Из чащи выбежал рыжеватый вислоухий лабрадор и закружился вокруг человека. Привставая на задние лапы начал тыкаться мордой ему в живот и грудь. Человек погладил собаку, а собака обслюнявила его руку и лизнула щетинистую щеку.
– Эх ты, лохматый, колючек-то нацеплял. – Он вытащил пару шипастых семечек из ушей пса и потрепал его по загривку. Пёс запрыгал по тропинке, призывно виляя хвостом.
– Ну ладно, пошли домой, пока дождь не начался.
И они пошли по притоптанному песчанику, покрытому хрустящей хвоей. Пёс и мужчина лет сорока, одетый в коричневый вязанный свитер, потёртые джинсы и выцветшую штормовку. Пёс бежал впереди, то и дело сворачивая с тропинки по своим собачьим делам, затем снова возвращался к человеку, желая его взбодрить. Но человек шёл не спеша, оглядываясь по сторонам, иногда останавливался, запрокидывал голову и дышал, дышал, прикрыв веки. Вскоре они вышли на опушку и шли между лесом и скошенным лугом. И здесь человек с жадностью набирал в лёгкие запахи ранней осени.
Дождь застал их на подходе к старому дачному посёлку. Сначала он ронял редкие тяжёлые капли и всё никак не мог попасть в человека. Но когда они приблизились к дому, дождь зачастил, не оставляя сухости никаких шансов. И человек снова поднял вверх голову, подставляя лицо под свежие струи. В них ещё ощущались остатки летних тёплых деньков.
Псу не хотелось мокнуть, и он нетерпеливо заскрёб по калитке лапами, призывая хозяина поскорей попасть внутрь. Человек отворил калитку, пёс устремился к крылечку. Там, под навесом их уже поджидала пепельная пушистая кошка. Что-то сказала на своём кошачьем.

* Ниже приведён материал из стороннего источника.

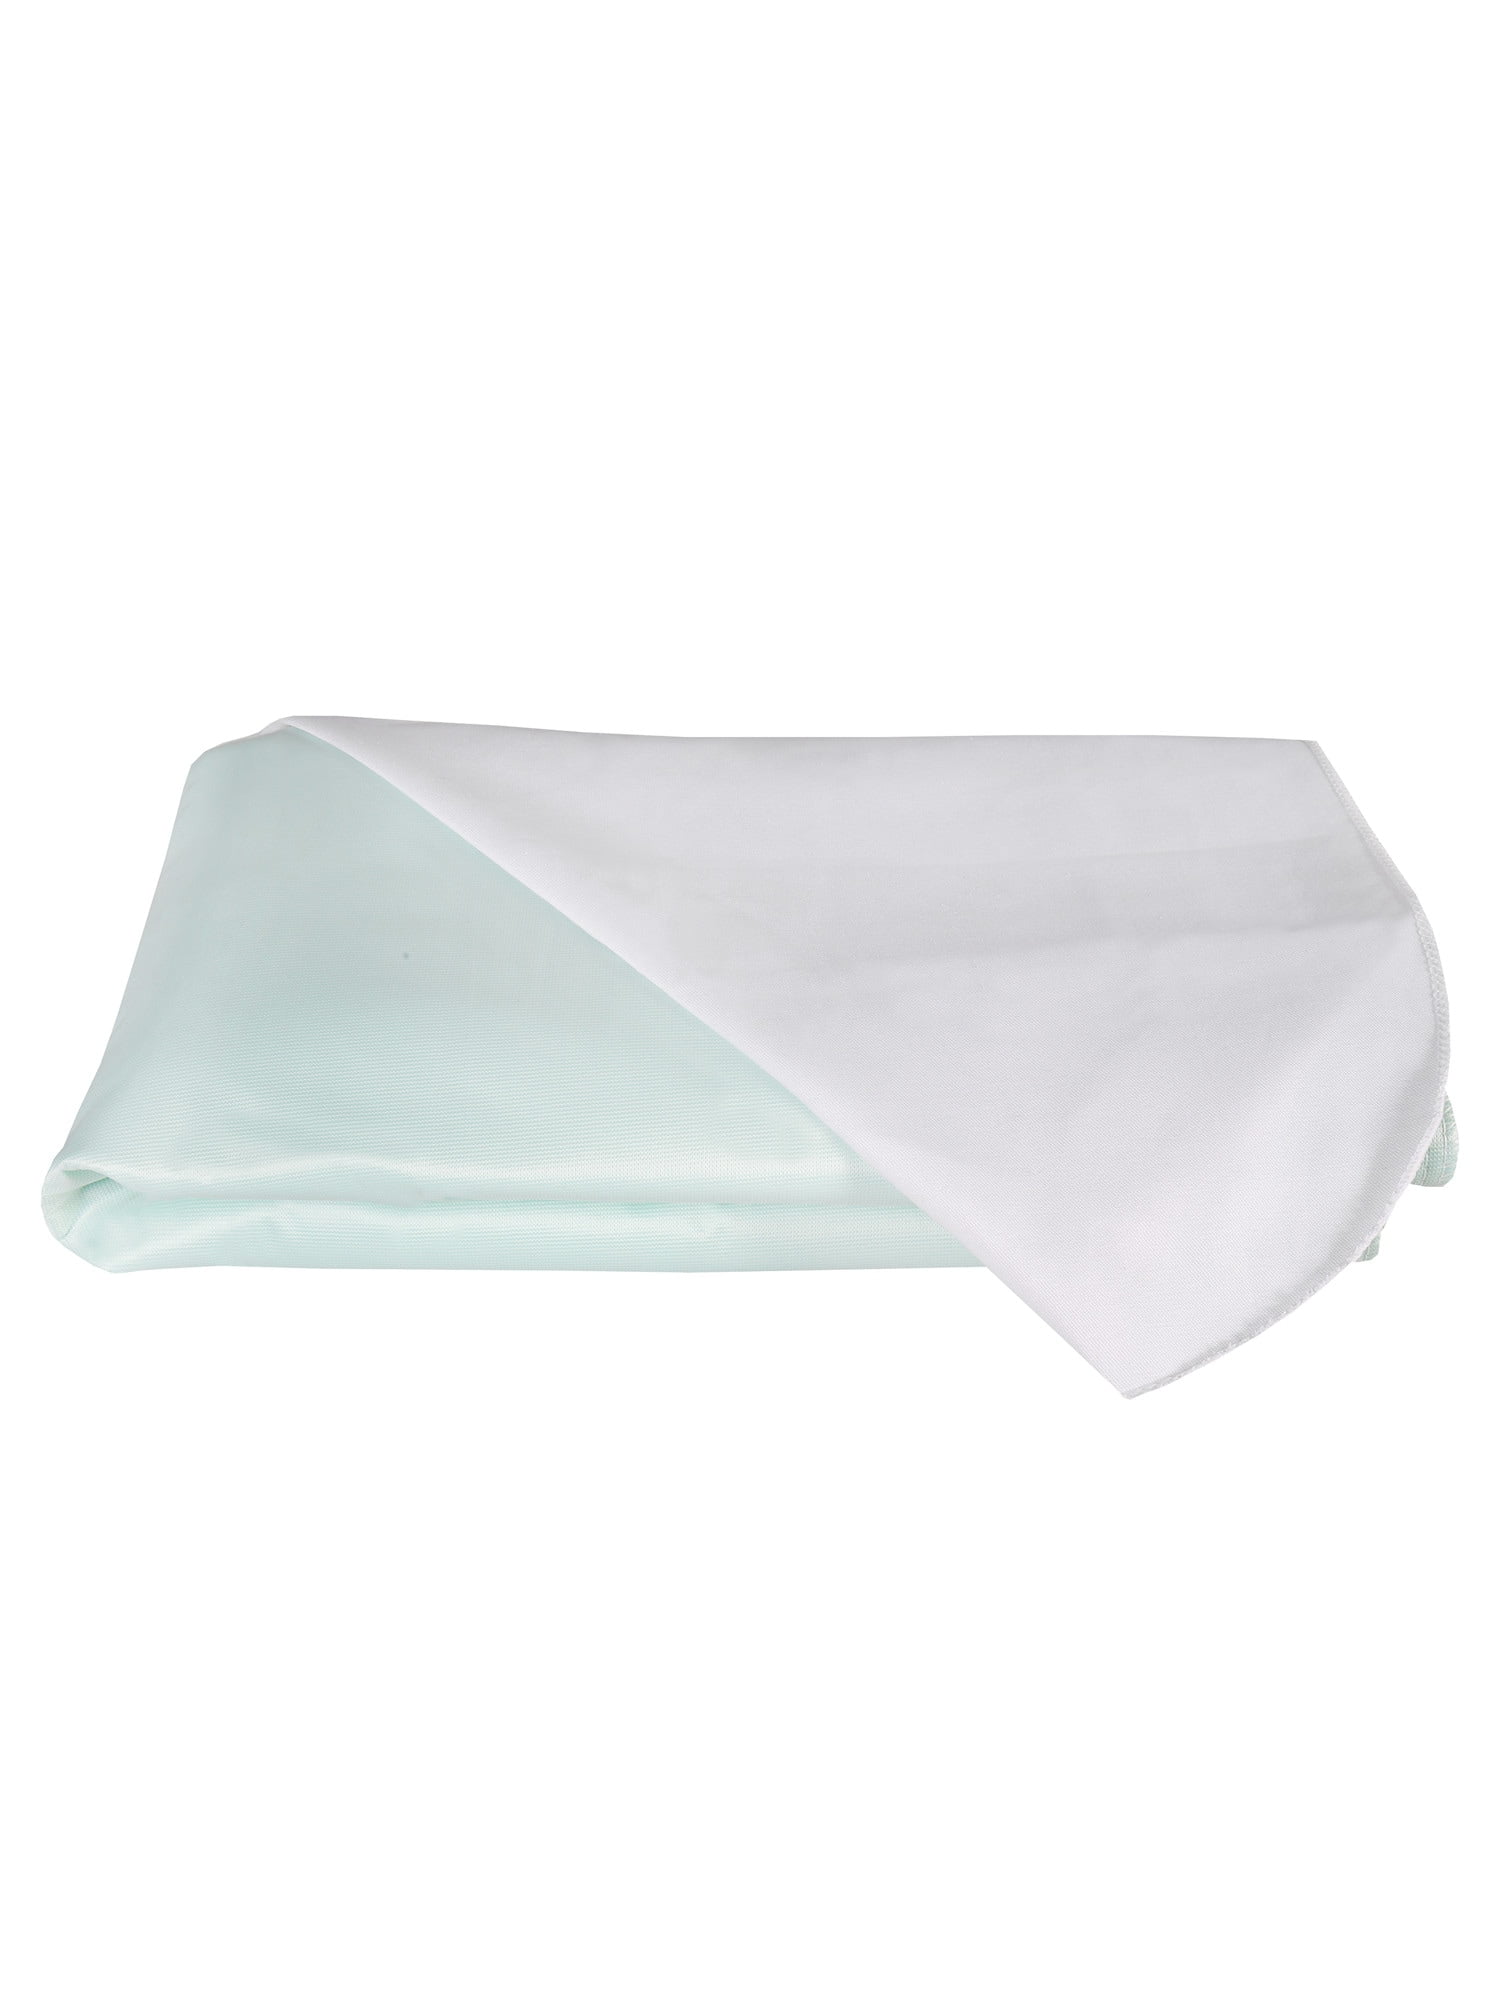 RMS Ultra Soft 4-Layer Washable and Reusable Incontinence Bed Pads, 34X36  with Four Handles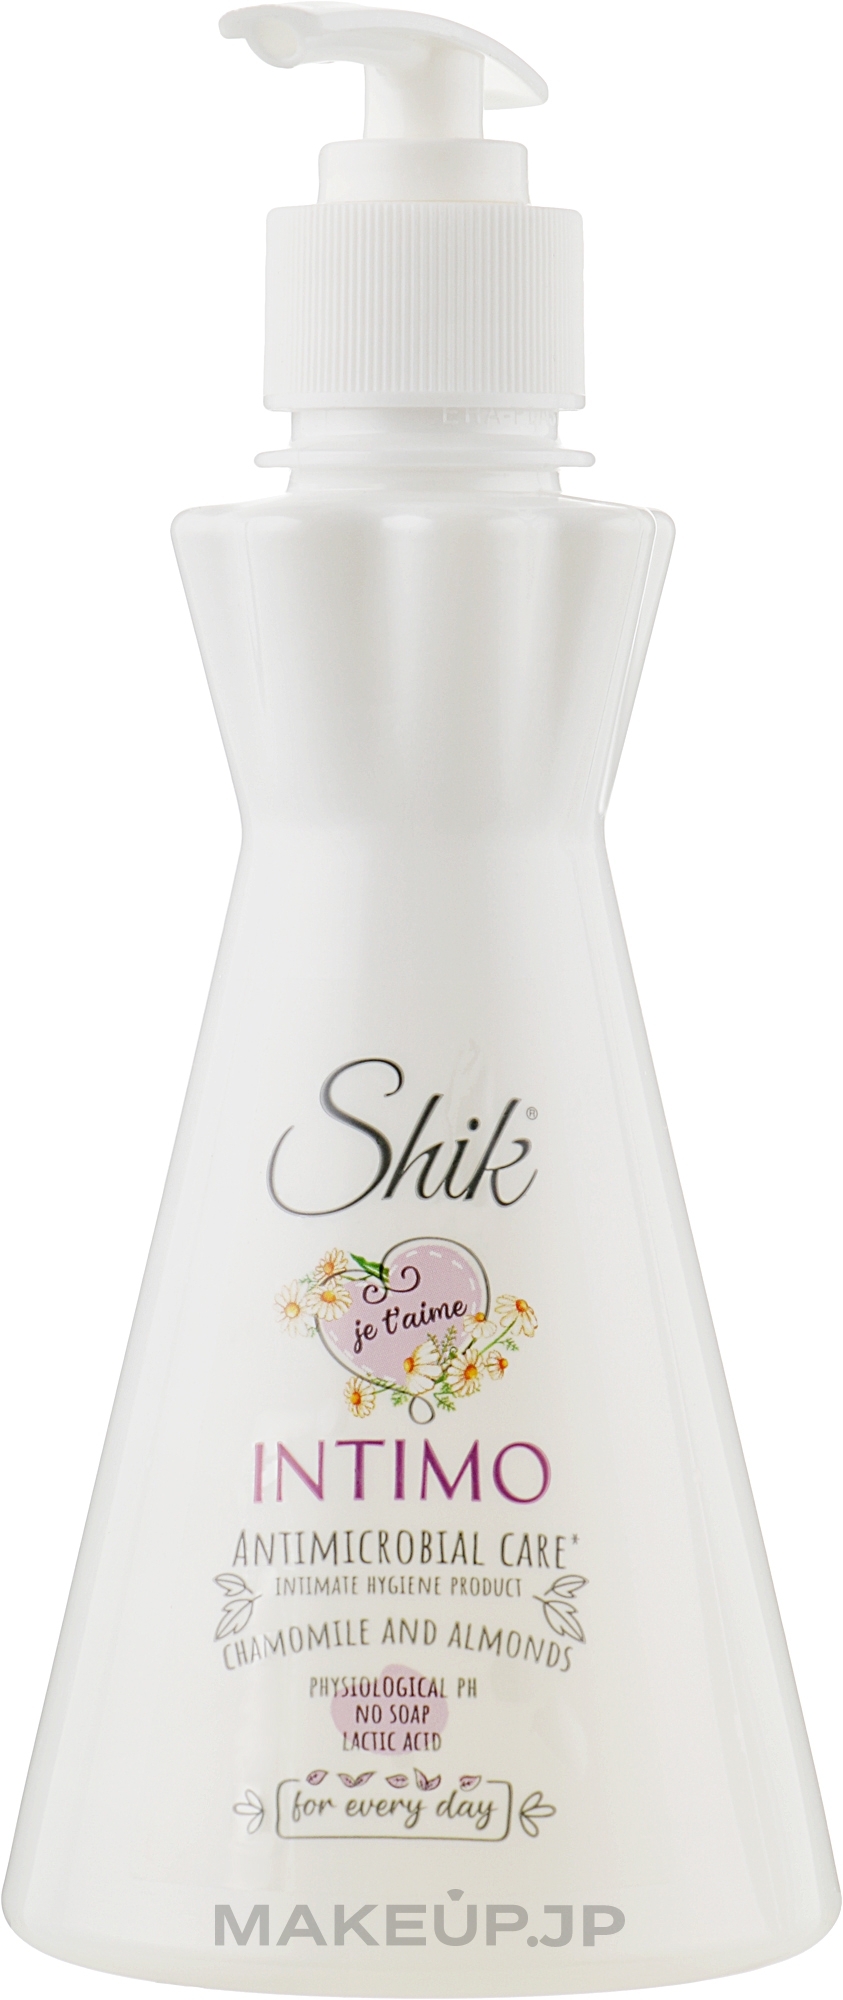 Intimate Wash with Chamomile & Almond Extract - Shik Intimo Antimicrobial Care — photo 300 g

– Сейчас, сейчас, – ответил человек, нащупал в кармане ключ и открыл двери. Кошка, не дожидаясь, когда они откроются полностью, юркнула в щель. Следом за ней, выждав почтительную паузу, вошёл и пёс. Человек не спешил входить. Постоял ещё пару минут под дождём, прислушиваясь. Где-то слышались детские голоса. А женский голос звал их домой – «ну-ка хватит там мокнуть».
– Хорошо, – сказал человек и тоже пошёл в жилище. В прихожей пёс вился вокруг пустой миски и жалобно сипел, поглядывая на хозяина извечной собачьей тоской. Хозяин насыпал ему корма, налил воды, и пёс принялся признательно чавкать. Человек прошёл из прихожей в гостиную, там чуть не споткнулся о кошку, которая нежной лианой оплела его ноги. Хвост вверх топорщится, распушился, размером не уступая своей хозяйке. И ей тоже человек наполнил миску едой, в другую налил молока.
В гостиной было прохладно и сыро, воздух прелый и застоявшийся. Не обращая внимания на прохладу человек отворил на распашку окно, впустив внутрь шум и свежесть дождя. Снял намокшую штормовку, вместо неё, чтобы не мёрзнуть, накинул старую сухую безрукавку. Подошёл к камину, выгреб из него совком и щёткой золу. Высыпал в стоявший рядом таз. Отворил кочергой наверху дымоход и внизу поддувало. Принёс из прихожей берёзовых дров. Пёс уже покончил с едой и проследовал за хозяином в гостиную, стараясь держать дистанцию от вкушающей кошки. Человек высыпал рядом с камином дрова. Расколол поленце на четыре части топориком, затем достал из печной ниши тесак, снял бересту с расщеплённой полешки и стал колоть щепу на растопку. Тесак был острым и легко под нажимом руки входил в древесину после прицельного удара по краю. Человек уже подходил к концу работы. Щепок и бересты было достаточно, чтобы разжечь камин, но хотелось до конца разобраться с поленцем. При последнем ударе тесак соскользнул и слегка коснулся лезвием его пальца. Боли не было, порез совсем маленький. Человек приблизил палец к глазам и стал разглядывать ранку. Вот из неё выступила маленькая капелька крови и медленно поползла вниз. Человек смотрел завороженно. Затем вышла вторая капля, третья. Он смотрел и смотрел. Вот кровь пошла тоненькой струйкой, потекла по руке, закапала на пол. А он всё смотрел. Затем поднёс ранку ко рту и стал всасывать кровь. Глаза его загорелись каким-то неведомым постижением. Успокоив кровотечение, он разжёг в камине огонь и долго наблюдал, как тот полыхает. Слушал его уютный треск, подставлял ему свои руки, затем прогревал спину.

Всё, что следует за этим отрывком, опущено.